Viipuri Province (Note:
- Viipurin lääni
- Viborgs län
- Выборгская губерния
) was a province of Finland from 1812 to 1945.

== History ==
The predecessor of the province was Vyborg Governorate, which was established in 1744 from territories ceded by the Swedish Empire to Russia in 1721 (Treaty of Nystad) and in 1743 (Treaty of Åbo). These territories originated as parts of the Viborg and Nyslott County and Kexholm County in 1721, and parts of the Savolax and Kymmenegård County in 1743. The governorate was also known as Old Finland.

During the Napoleonic Wars, the Kingdom of Sweden had allied itself with the Russian Empire, United Kingdom and other parties against Napoleonic France. However, following the Treaty of Tilsit in 1807, Russia made peace with France. In 1808, supported by France, Russia successfully challenged Swedish control over Finland in the Finnish War. In the Treaty of Fredrikshamn on September 17, 1809, Sweden was obliged to cede all its territory in Finland east of the Torne River to Russia. The Russian Empire reconstituted the new territories into the autonomous Grand Duchy of Finland, with the Russian Tsar as Grand Duke.

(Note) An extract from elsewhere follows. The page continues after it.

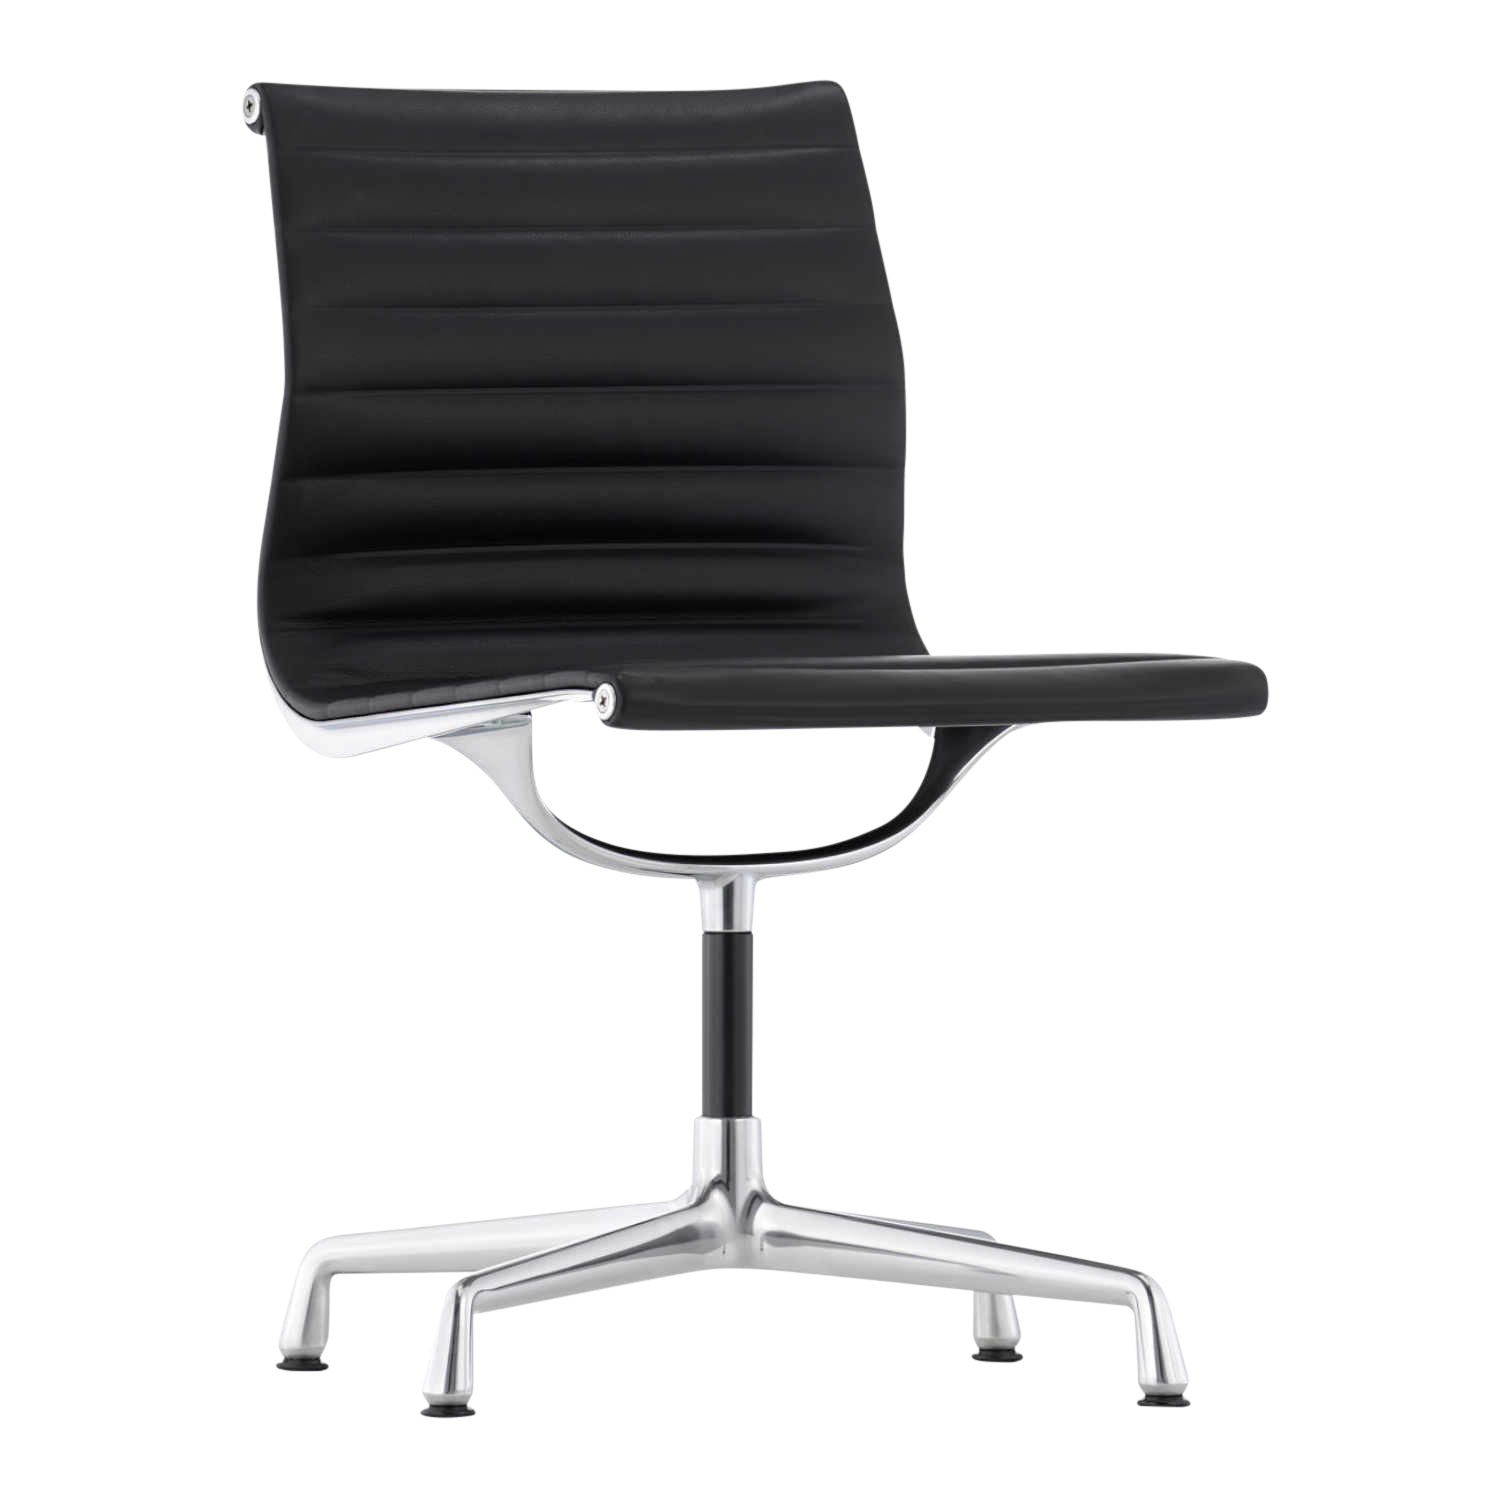 EA105 Aluminium Chair Lederstuhl, Leder/Rückseite Plano 69/54 kastanie / braun, Untergestell glanzchrom, Gleiter gleiter für teppichböden von Vitra

In 1812, the territories of the Vyborg Governorate were transferred from Russia proper to the Grand Duchy of Finland and established as Viipuri Province. The transfer announced by Tsar Alexander I just before Christmas, on December 23, 1811 O.S. (January 4, 1812 N.S.), can be seen as a symbolic gesture and an attempt to appease the sentiment of the Finnish population, which had just experienced Russian conquest of their country by force. Siestarjoki was transferred to Saint Petersburg Governorate in 1864.

When Finland became independent from Russia in 1917, the status of Viipuri Province remained unchanged. The provincial capital, Vyborg (Viborg, Viipuri), was at this time the fourth largest city in Finland.

Viipuri Province had sided with the Finnish Socialist Workers' Republic during the Finnish Civil War. The Province was important to Red Finland for the reason that it shared a border with the Russian SFSR which in turn could send troops and supplies to Red Finland.

=== World War II ===
On September 1, 1939, Nazi Germany invaded Poland and started World War II. On September 17, 1939, the USSR, in accordance with the secret protocols of the Molotov–Ribbentrop Pact, invaded Poland from the east. Within months, the Soviet Union launched a war against Finland. As a result of this war, Finland was forced to cede territory, including parts of Viipuri Province, to the Soviet Union in the Moscow Peace Treaty in early 1940. Finland lost its natural border along the Rajajoki River (Systerbäck) in the south. 22,973 km^{2}, or 71.5 percent of the province on the Karelian Isthmus, including the cities of Viipuri and Sortavala, became part of the newly established Karelo-Finnish SSR in the Soviet Union. Following the peace treaty, the entire population of the ceded territories, more than four hundred thousand people, was evacuated to central Finland.

In 1941 the Continuation War broke out and Finland recaptured the territories, but in 1944 its forces were pushed back and by the Moscow Armistice on September 19, 1944, and the Paris Peace Treaty in 1947 the territorial losses were confirmed again.

Winter war evacuees had returned following the Finnish offensive in 1941 and were evacuated again in 1944 after the Soviet counterattack, and the territories were repopulated by people from other parts of the Soviet Union. This time, the Karelian Isthmus became part of the Vyborgsky and Priozersky districts of the Leningrad Oblast, and only Ladoga Karelia and Border Karelia became part of the Karelo-Finnish SSR.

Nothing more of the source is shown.